Confidential computing is among the techniques GCP uses to secure data, as Porter explains: “Confidential computing is a very interesting term and it's come from the concept of computing. When you’re performing operations on data using an application, confidential computing points to the fact that there are a bunch of technologies built to protect customers’ and users’ privacy. It's privacy preserving technology that is helping to keep data and workloads protected when in use such as when an application performs any operations on that data. This means it has to process it. It has to put it in memory and it has to run computational operations on that data by utilising hardware like CPUs, GPUs or TPUs [tensor processing units] or any other device.”
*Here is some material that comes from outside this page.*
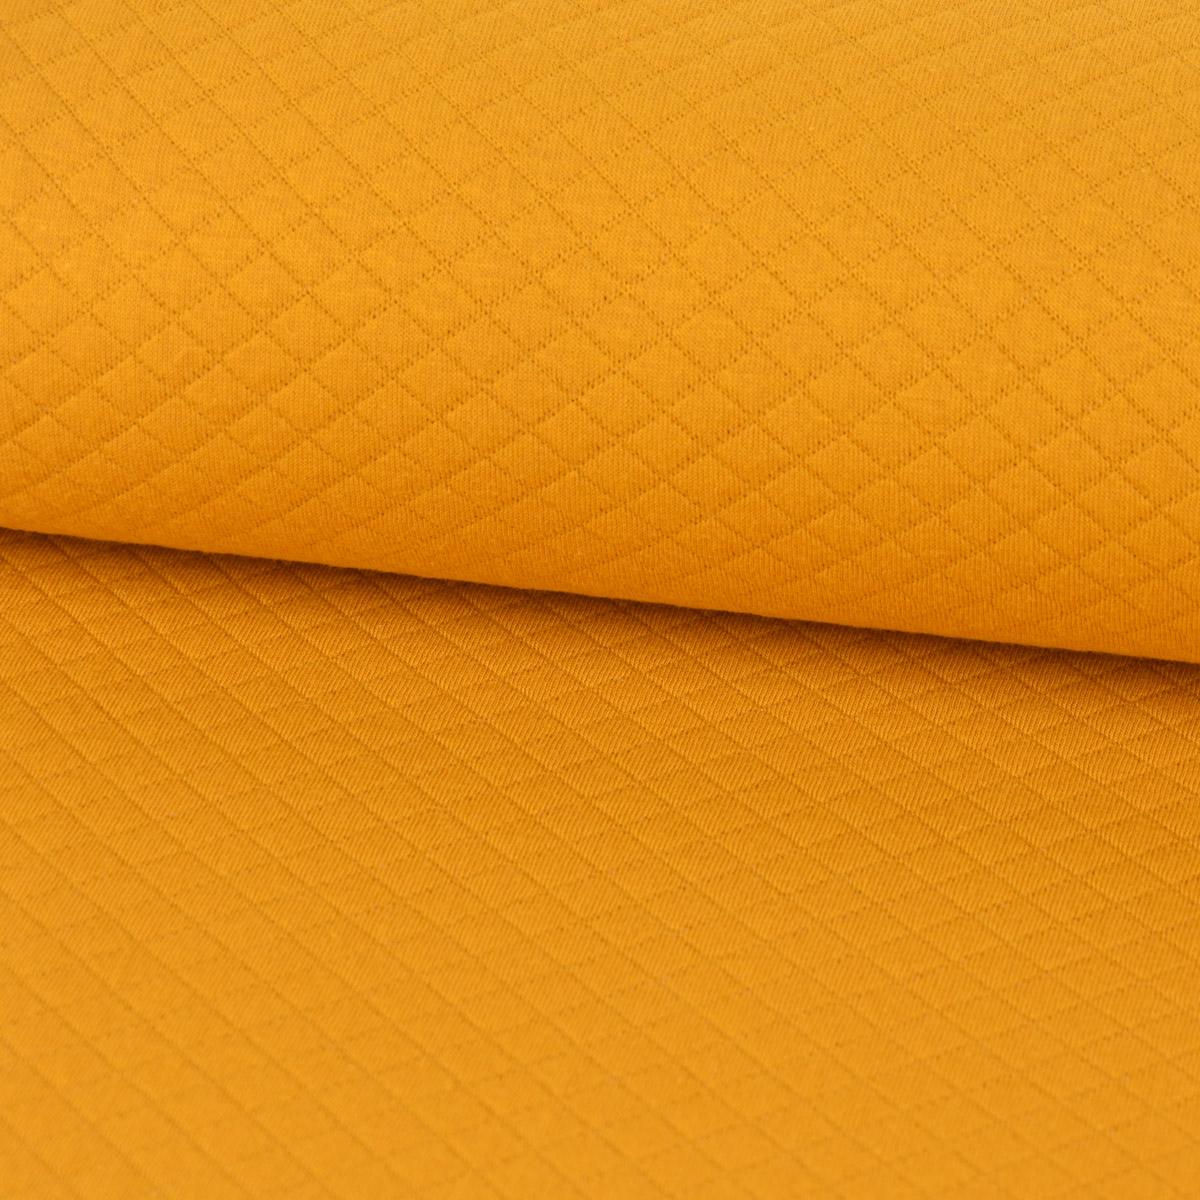 Kreativstoff Sweatstoff einfarbig orange 1,5 m Breite
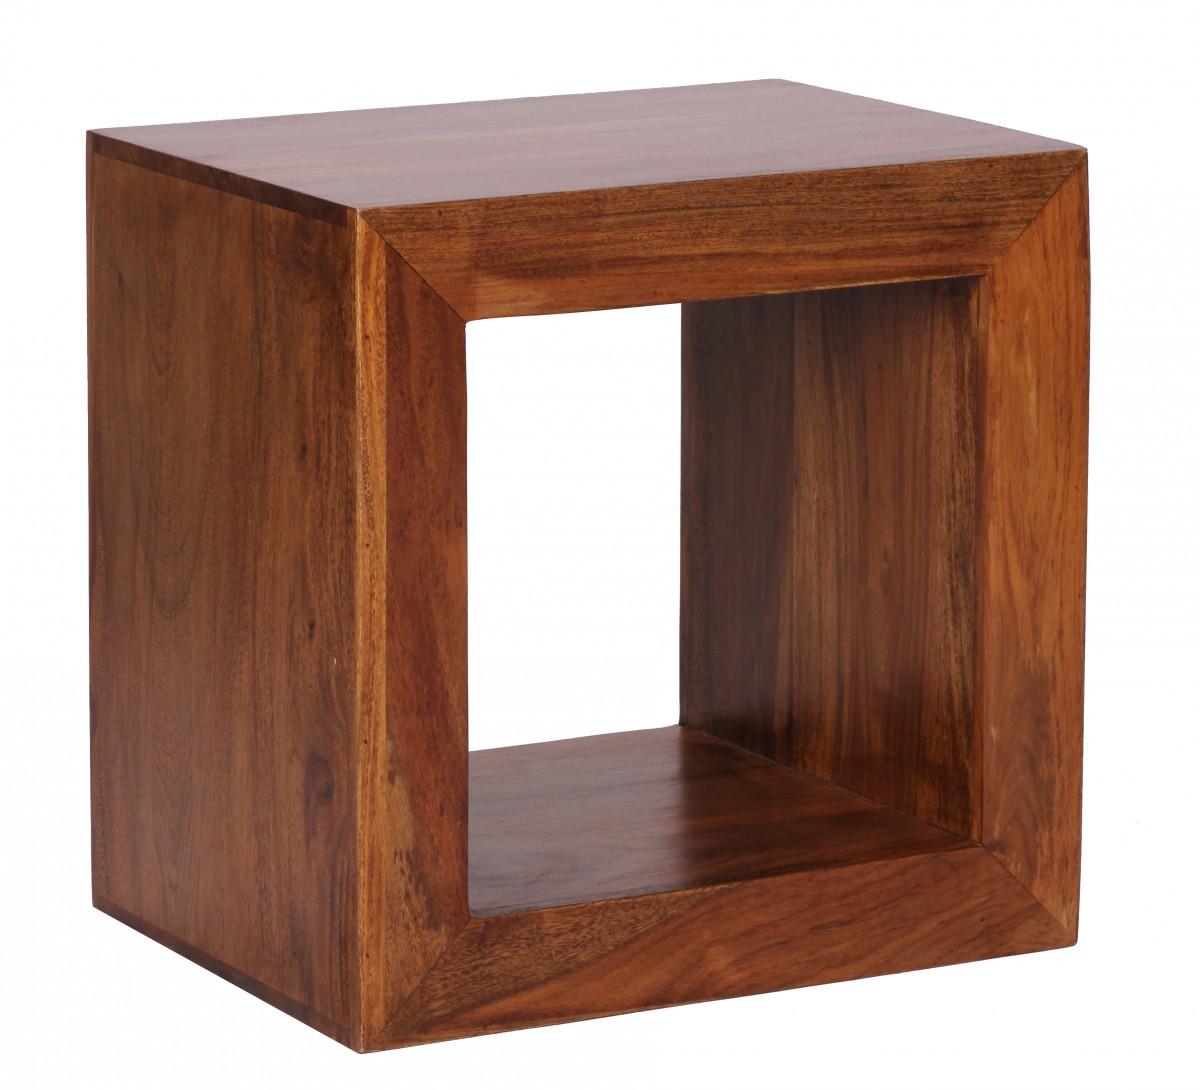 wohnling standregal massivholz sheesham 44cm hoch cube. Black Bedroom Furniture Sets. Home Design Ideas

It is based on hardware controls built into Google’s infrastructure security. “We're using the hardware capabilities of our partners like AMD, Intel, or Nvidia to establish very strong cryptographic isolation and protection for our customers’ workloads,” she adds.
The goal is to ensure customers are actually running their applications in confidential hardware based environments.
To provide this security, she says Google needs to make sure AMD, Intel, Nvidia and other hardware providers are doing what they need to do to ensure security is maintained in their products. Equally, Google Cloud has to play its part in securing its cloud infrastructure. “All of these companies have come together to offer incredibly usable, scalable and performant confidential computing for our customers,” she says.